# Red Bell Pepper Rub recipe & qview



## forluvofsmoke (Apr 17, 2010)

I've been playing around with this new rub and can't seem to find any meats that it isn't great with. I did pork spares last days off and we loved 'em! Smoked up 4lbs of Tilapia with a slight variation and they were really good as well.

So, this weekend I'll be trying it out on anything I can get my hands on. I have Pork Chops and boneless/skinless Chicken Thighs in the Smoke Vault as I type. For tonight's dinner, my wife wants bone-in Beef Rib Steaks, and they'll get the same treatment. I'll add links to any smokes I've done with this rub as soon as I can get them up.

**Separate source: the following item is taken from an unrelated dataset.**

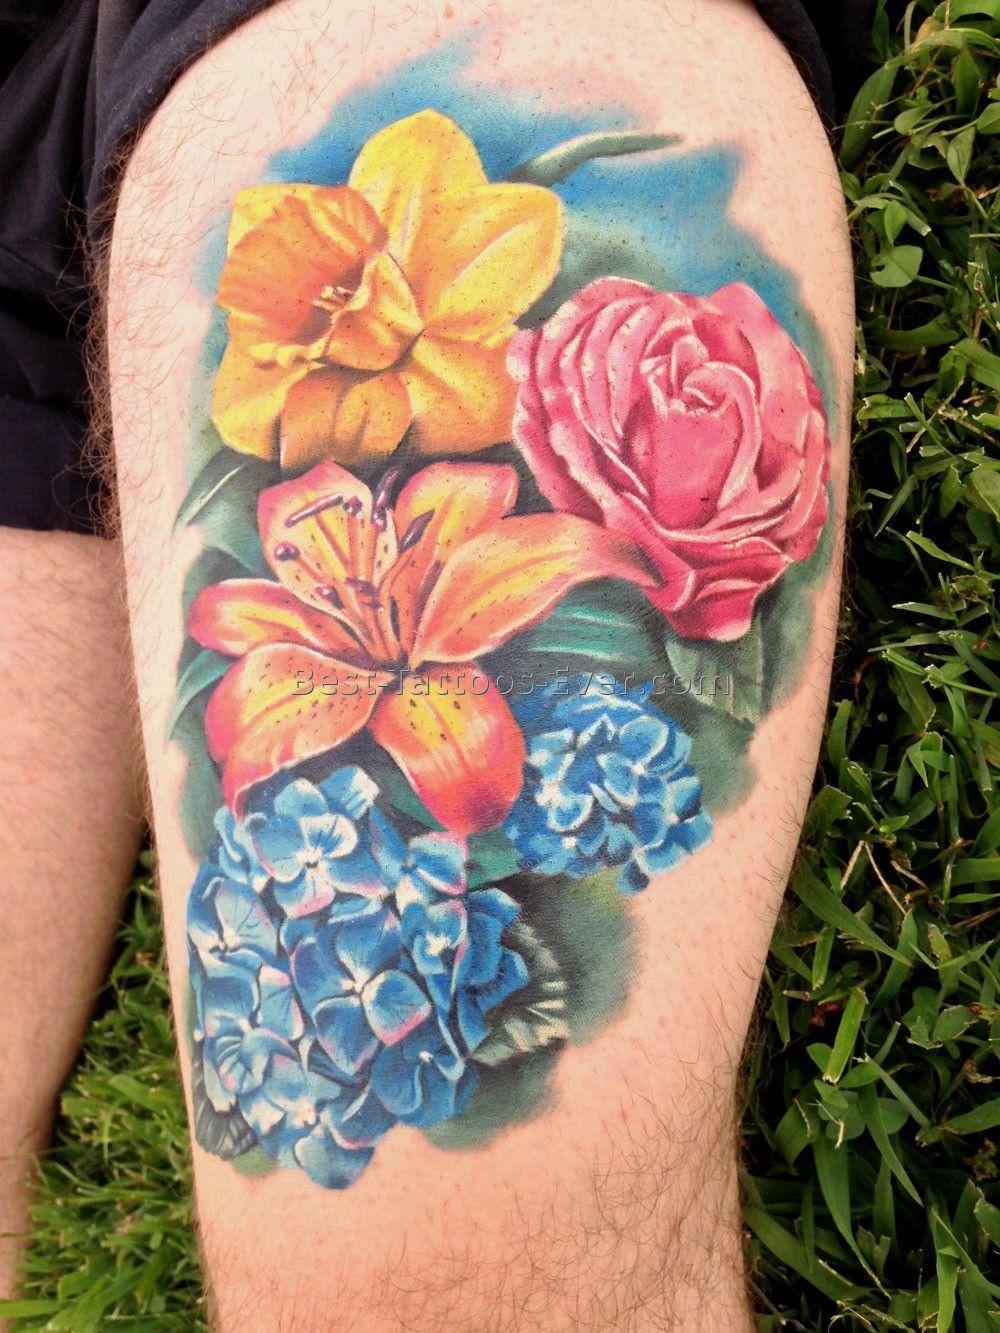 narcissus flower tattoo 10 | Best Tattoos Ever | Tatoos ...

This rub is so simple, yet the flavors are a mildly-spicy and sweet combination. I've used mesquite with it and cherry so far...great flavors either way. This just might be the all-around blend I've been looking for...if I could only have one dry rub, this is probably the one. I intend to find out much more before the end of this week-end.


*Red Bell Pepper Rub*



½ T Black Peppercorn, rough ground

4 T dried Red Bell Pepper, rough ground

2 T Kosher Salt

1 T dried chopped Onion, rough ground

1 T dried minced Garlic


Pre-grind ingredients of a double batch (from top left in CCW orientation): dried 3/8" red bell pepper; kosher salt; minced garlic; dried/chopped onion; black peppercorn:


After a rough grind of the red bell pepper, onion and peppercorn:


Tossed together and ready for some meat:



Links to smokes done with this rub will be added here, so keep checking:


Tilapia: http://smokingmeatforums.com/forums/...ad.php?t=91806


Pork Spares: http://smokingmeatforums.com/forums/...ad.php?t=92283


Boneless/skinless Chicken Thighs:http://smokingmeatforums.com/forums/...threadid=92567


Pork Chops:http://smokingmeatforums.com/forums/...threadid=92568


Beef Rib steak:http://smokingmeatforums.com/forums/...threadid=92599


BB's, St Louis & Butt:http://smokingmeatforums.com/forums/...threadid=92886


A variation to my Sweet Garlic & Pepper Chicken Sausage using a modified version of the above: http://smokingmeatforums.com/forums/...threadid=93239


T-Bones over a hot mesquite smoke with charcoal sear: http://smokingmeatforums.com/forums/...threadid=93293

Chuckie in the Vault: http://smokingmeatforums.com/forums/...threadid=93527

Bacon Wrapped Pork Loin: http://www.smokingmeatforums.com/forum/thread/94631/bacon-wrapped-loins-in-the-vault-q-view

Eric


----------



## pandemonium (Apr 18, 2010)

Thanks for sharing, have to give it a try.


----------